Find Loop
Find Loop
Category
Linked Lists
Difficulty
Medium
Problem Statement
Given a singly linked list that contains a cycle (loop), find the node where the cycle begins. The head of the linked list is guaranteed to not be part of the cycle itself (i.e., there is a "tail" portion leading into the cycle). Return the node at the start of the cycle.
Intuition
This is solved using Floyd's Tortoise and Hare algorithm. A slow pointer (moving one step at a time) and a fast pointer (moving two steps at a time) will eventually meet inside the cycle.
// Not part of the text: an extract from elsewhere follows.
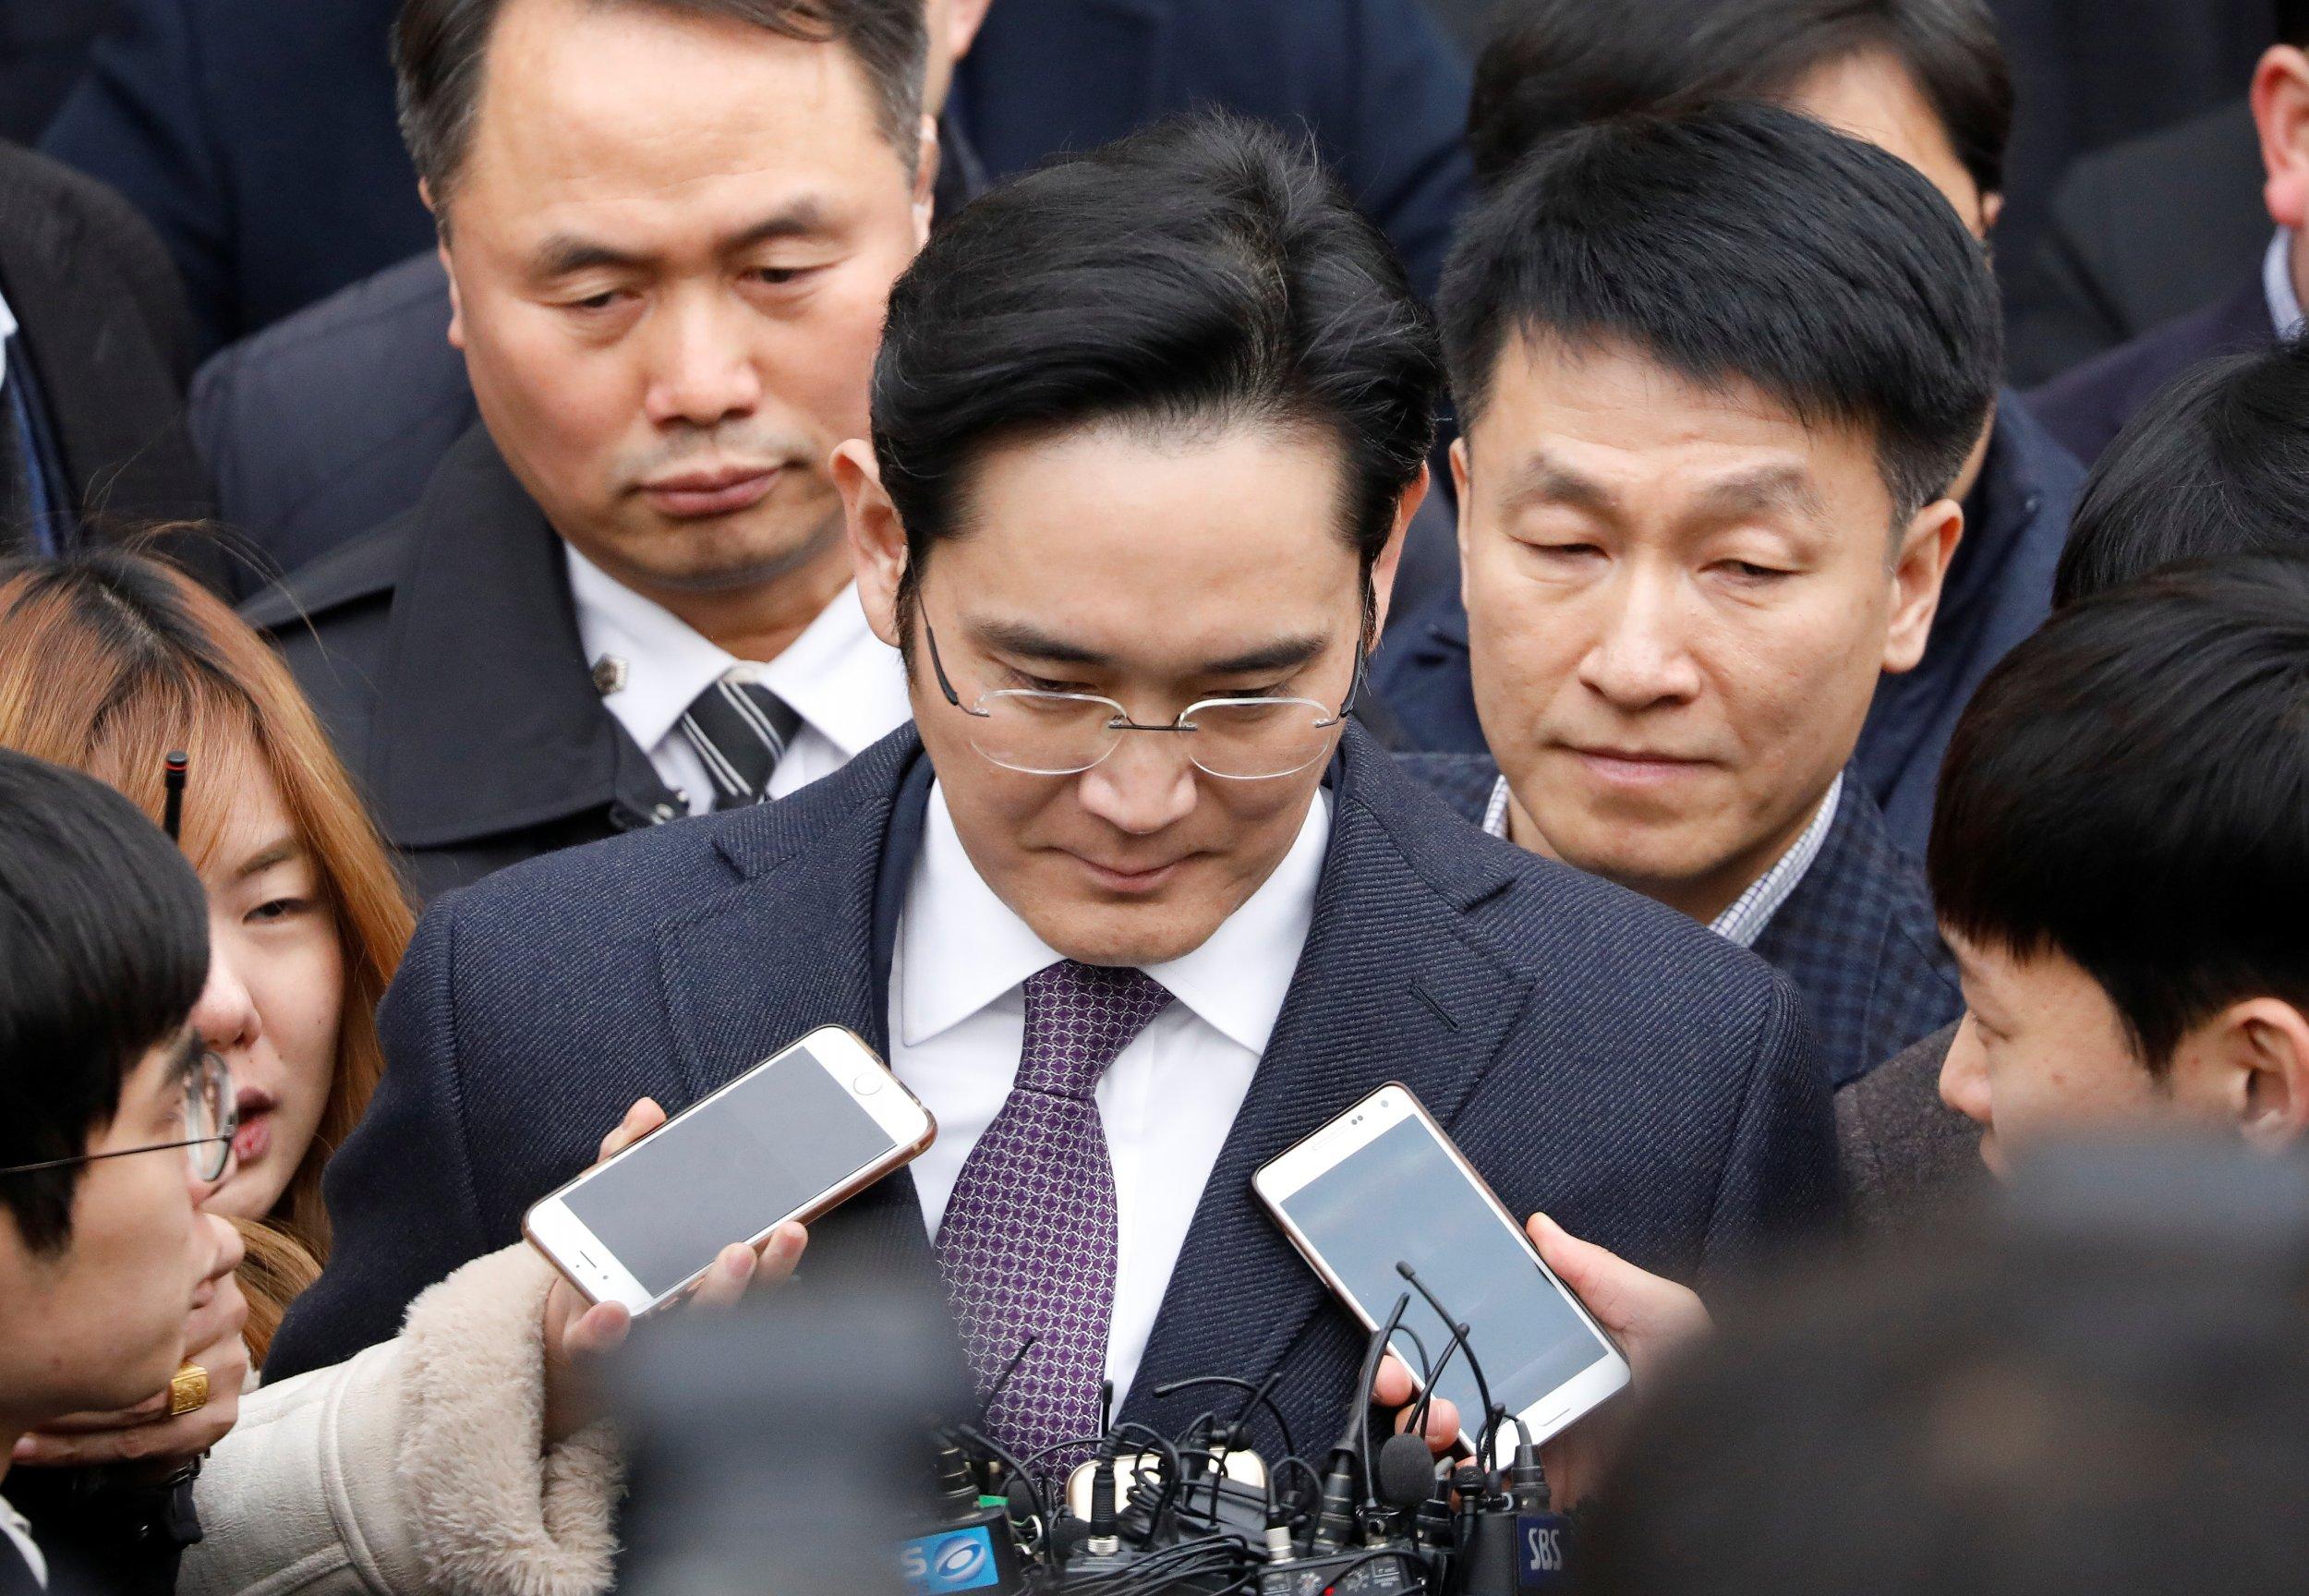 Samsung Group chief executive Jay Y. Lee

The mathematical insight is that when they meet, the distance from the head to the cycle start equals the distance from the meeting point to the cycle start (traveling forward along the cycle). So after the meeting, reset one pointer to the head, then advance both pointers one step at a time; they will meet at the cycle start.
Why it works: Let D be the distance from head to cycle start, and let M be the distance from cycle start to the meeting point. When slow has traveled D + M steps, fast has traveled 2(D + M) steps. The difference (D + M) must be a multiple of the cycle length C. This relationship means that traveling D more steps from the meeting point lands you back at the cycle start.
Approach
- Initialize both slow and fast pointers at the head.
- Phase 1 (Detect meeting point): Advance slow by 1 and fast by 2 until they meet.
- Phase 2 (Find cycle start): Reset slow to the head. Advance both slow and fast by 1 step at a time until they meet again.
- The node where they meet in Phase 2 is the start of the cycle.
Pseudocode
function findLoop(head):
slow = head
fast = head
// Phase 1: find meeting point
while true:
slow = slow.next
fast = fast.next.next
if slow == fast:
break
// Phase 2: find cycle start
slow = head
while slow != fast:
slow = slow.next
fast = fast.next
return slow
Time & Space Complexity
- Time: O(n), where n is the total number of nodes. Phase 1 takes at most O(n) steps, and Phase 2 takes at most O(n) steps.
- Space: O(1). Only two pointers are used.
Key Insights
- Floyd's algorithm is the classic O(1) space solution for cycle detection and cycle start identification.
- The meeting point is guaranteed to exist since a cycle is guaranteed.
- The mathematical relationship D = kC - M (where k is some positive integer) is what makes Phase 2 work.
- An alternative using a hash set of visited nodes uses O(n) space and is simpler but less elegant.
Edge Cases
- The cycle starts at the second node (minimal tail of length 1).
- The entire list except the head is the cycle.
- The cycle has length 1 (a node pointing to itself).
- Very long tail with a small cycle.
- Very short tail with a large cycle.